The monitoring information posted to the MonIT systems are actually coming from the same metrics that are posted to WMStats, so we'll reference those metric names here as well such that you can check their description above. This wiki will also show a sample of each of those documents posted to AMQ/Elastic Search such that it becomes easier to look them up in ES via Kibana/Graphana. Every single document posted to MonIT has the following key/value pairs in addition to the payload:
{"agent_url": "reqmgr2",
"timestamp": 12345}
where timestamp is set just before uploading the documents to AMQ (note timestamp is placed under data.metadata by the AMQ client). The actual monitoring data is always available under data.payload., so an example ES query for a ReqMgr2 metric would be:
data.payload.agent_url:reqmgr2 AND data.payload.type:reqmgr2_status
- requestsByStatus: represented by reqmgr2_status document type. A single document per status is created every cycle, regardless whether there are any workflows within that status or not.
"payload": {
"agent_url": "reqmgr2",
"type": "reqmgr2_status",
"request_status": "aborted-completed",
"num_requests": 0
},
- requestsByStatusAndCampaign: represented by reqmgr2_campaign document type.
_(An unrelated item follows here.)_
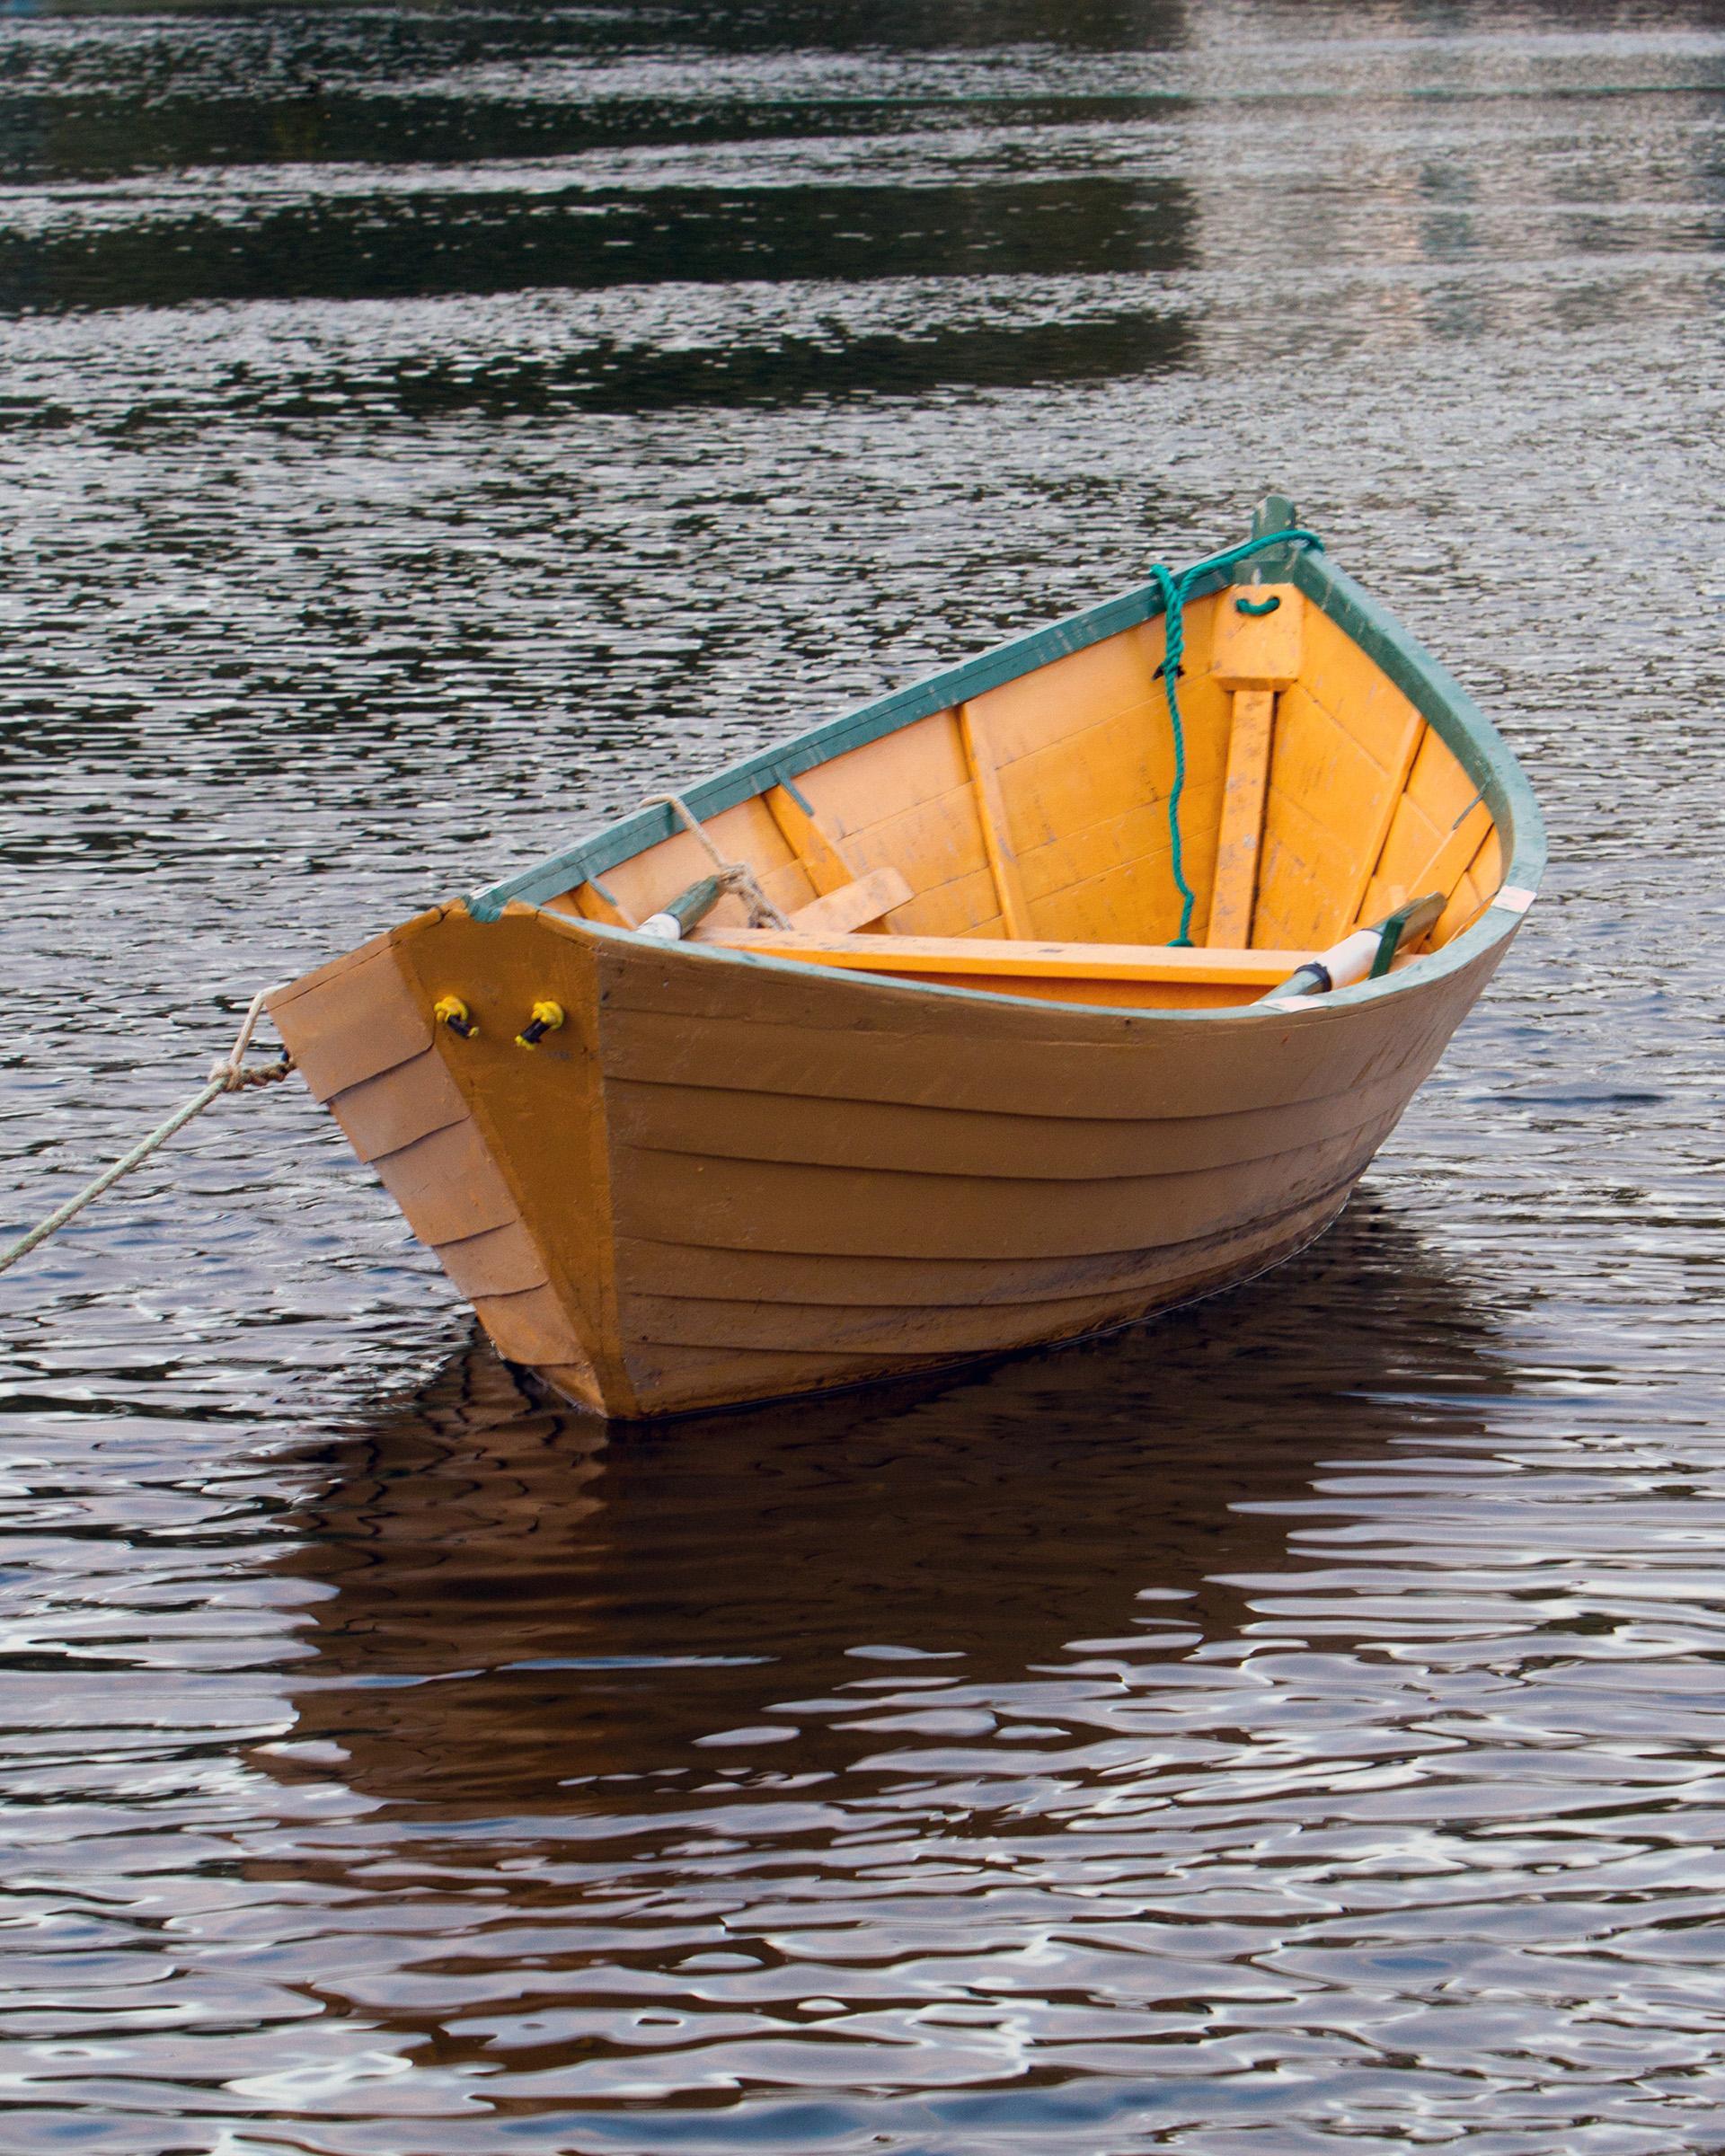 Dory, Anchor, Skiff, Rowboat, Rowing, HQ Photo

Creates a document for each combination of request_status AND campaign every cycle. Status without any workflows (Campaign data) will be skipped.
"payload": {
"agent_url": "reqmgr2",
"type": "reqmgr2_campaign",
"request_status": "assignment-approved",
"num_requests": 7,
"campaign": "HG1804_Validation"
}
- requestsByStatusAndNumEvts: represented by reqmgr2_events document type. A single document per status is created every cycle, regardless whether there are any workflows (RequestNumEvents) within that status or not.
"payload": {
"agent_url": "reqmgr2",
"type": "reqmgr2_events",
"total_num_events": 100000,
"request_status": "running-closed"
}
- requestsByStatusAndPrio: represented by reqmgr2_prio document type. Creates a document for each combination of request_status AND request_priority every cycle. Status without any workflows (RequestPriority data) will be skipped.
"payload": {
"agent_url": "reqmgr2",
"type": "reqmgr2_prio",
"request_status": "failed",
"request_priority": 600000,
"num_requests": 2
}
- basic ReqMgr2 information (as described for WMStats) is not currently posted to MonIT.